High energy ship collisions with bottom supported offshore wind turbines

• Main Author: Ramberg, Henriette Flathaug
• Format: Others
• Language: English
• Published: Norges teknisk-naturvitenskapelige universitet, Institutt for marin teknikk 2011
• Online Access: http://urn.kb.se/resolve?urn=urn:nbn:no:ntnu:diva-15532

Offshore wind farming is an industry under development and involves challenges. The farms might be located close to ship trading routes. This increases the risk of ship-wind farm impact, causing economic losses, environmental pollution and human fatalities. The first part of this report describes various bottom supported wind farm technologies and presents a discussion of the risk picture considering oil spill due to this collision event. A review of relevant standards is enclosed. The main part of this thesis considers finite element modelling and simulations of impact between a jacket supported wind turbine and a large oil tanker.

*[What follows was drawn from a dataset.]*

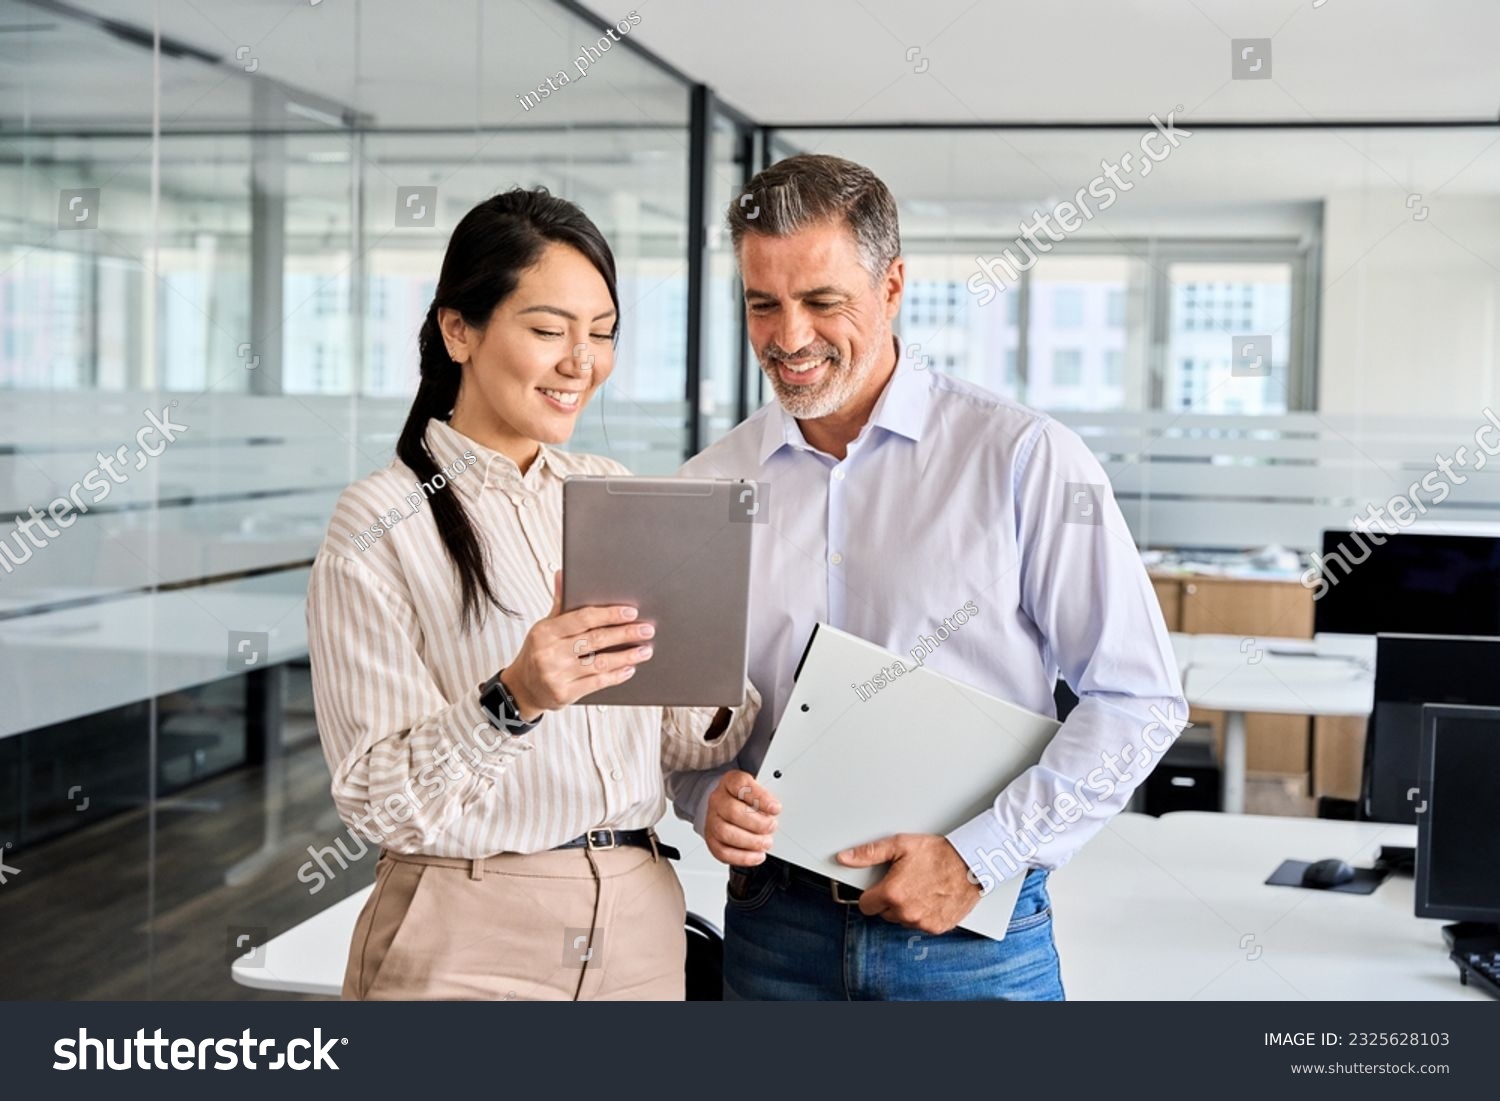 Two happy professional business people team Asian woman and Latin man workers working using digital tablet tech discussing financial market data standing at corporate office meeting. #2325628103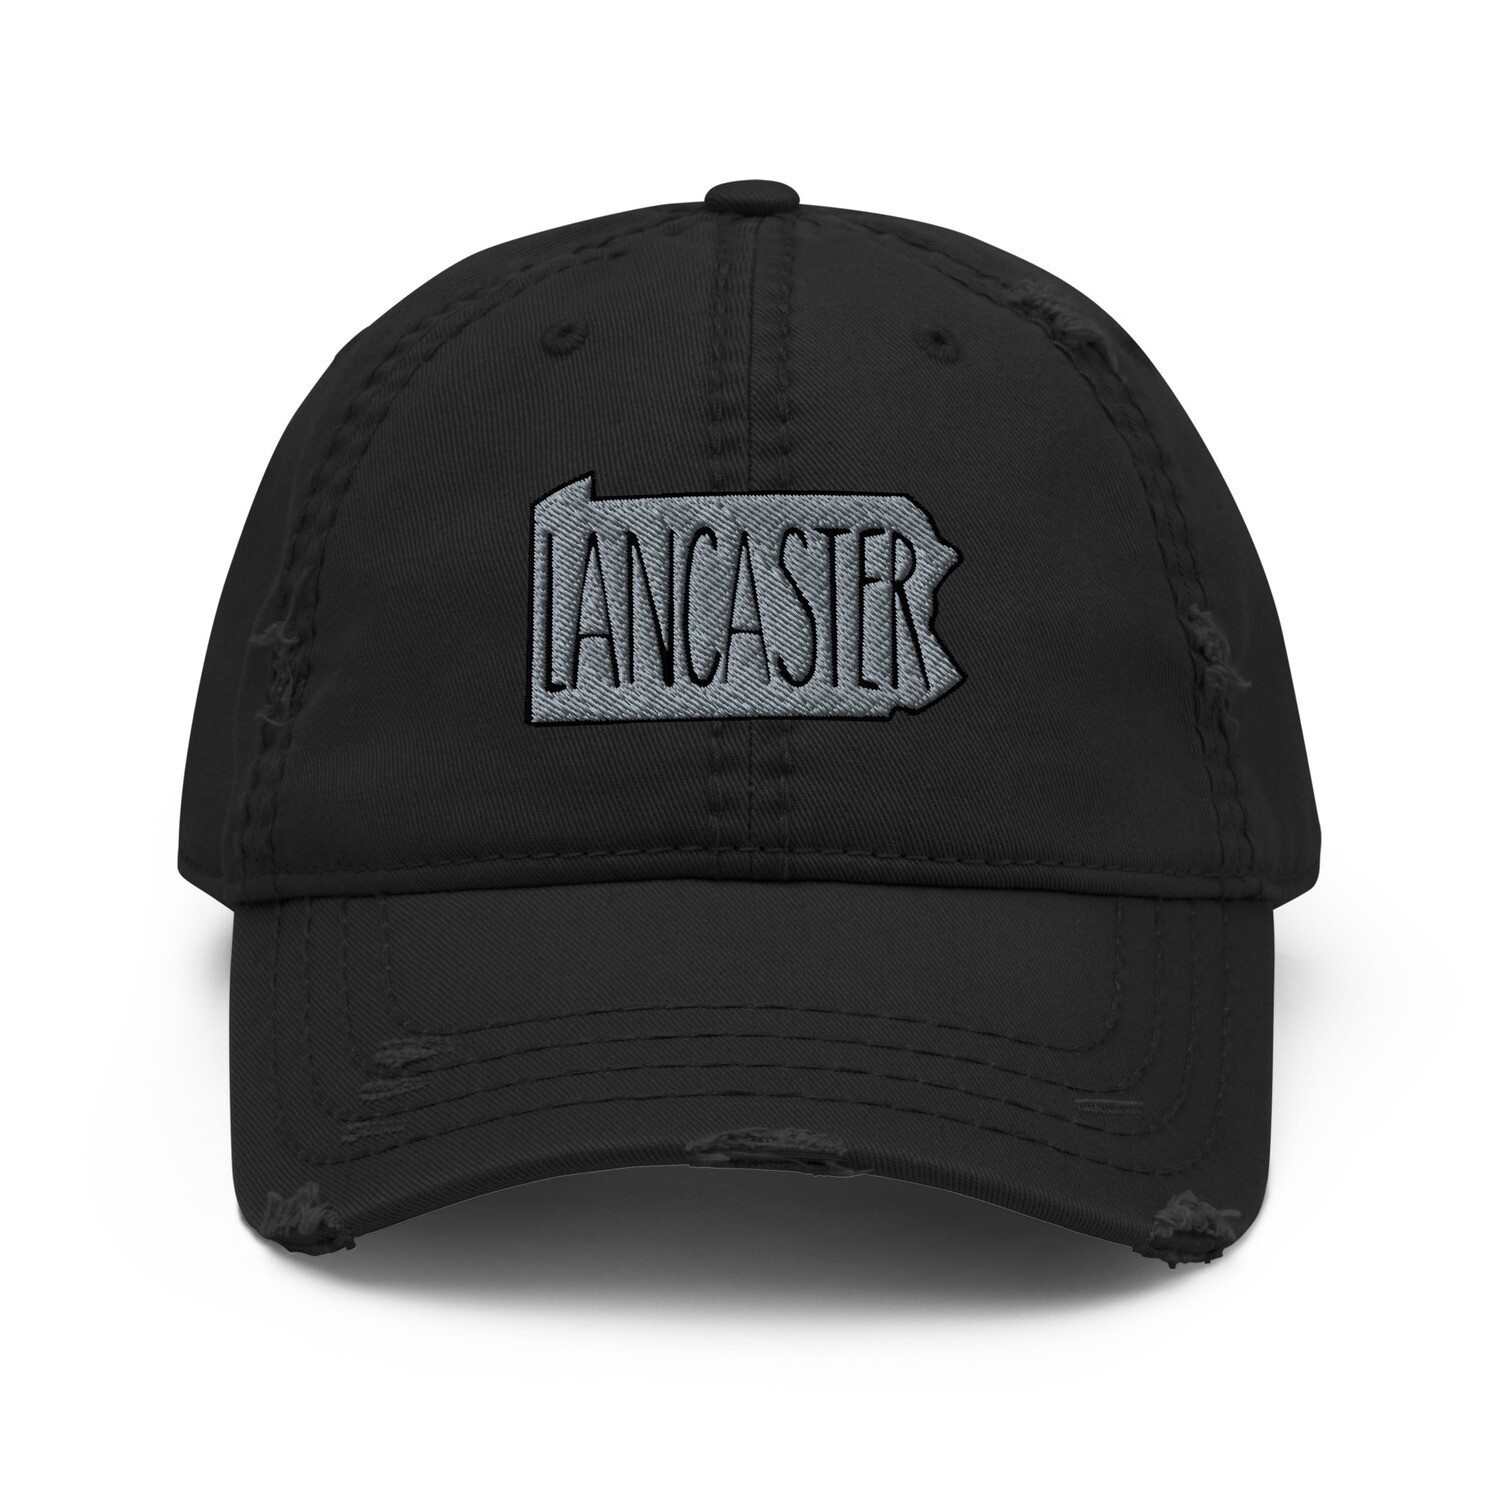 Lancaster PA Embroidered Distressed Dad Hat

The goal with these analyses is to study the possibility of achieving the Bundesamt für Seeschifffahrt und Hydrographie standard "Design of Offshore Wind Turbines", requiring minor oil spill due to ship-wind turbine collision involving ship kinetic energy larger than 500 MJ. The standard requires that a risk analysis is performed to demonstrate that either the collision energy is absorbed by the structures or that it results in collapse of the wind turbine without damage of the ship hull. The wind turbine model is received from the company Virtual Prototyping. Geometric and load modifications are performed in order to obtain realistic results representative for the North Sea. The global response of the jacket is studied using the computer program USFOS. The ship is modelled drifting towards the corner of the jacket, hitting one leg. The ship is assumed to be rigid, not contributing to dissipate the collision energy. The contact between the structures is represented by a nonlinear spring. Different impact locations on the jacket are considered. Both collapse due to overall deformation of the installation and local damage of the tower is studied. In addition, failure of the nacelle bolts is investigated in order to verify the possibility of the nacelle dropping on the deck, penetrating the cargo tanks.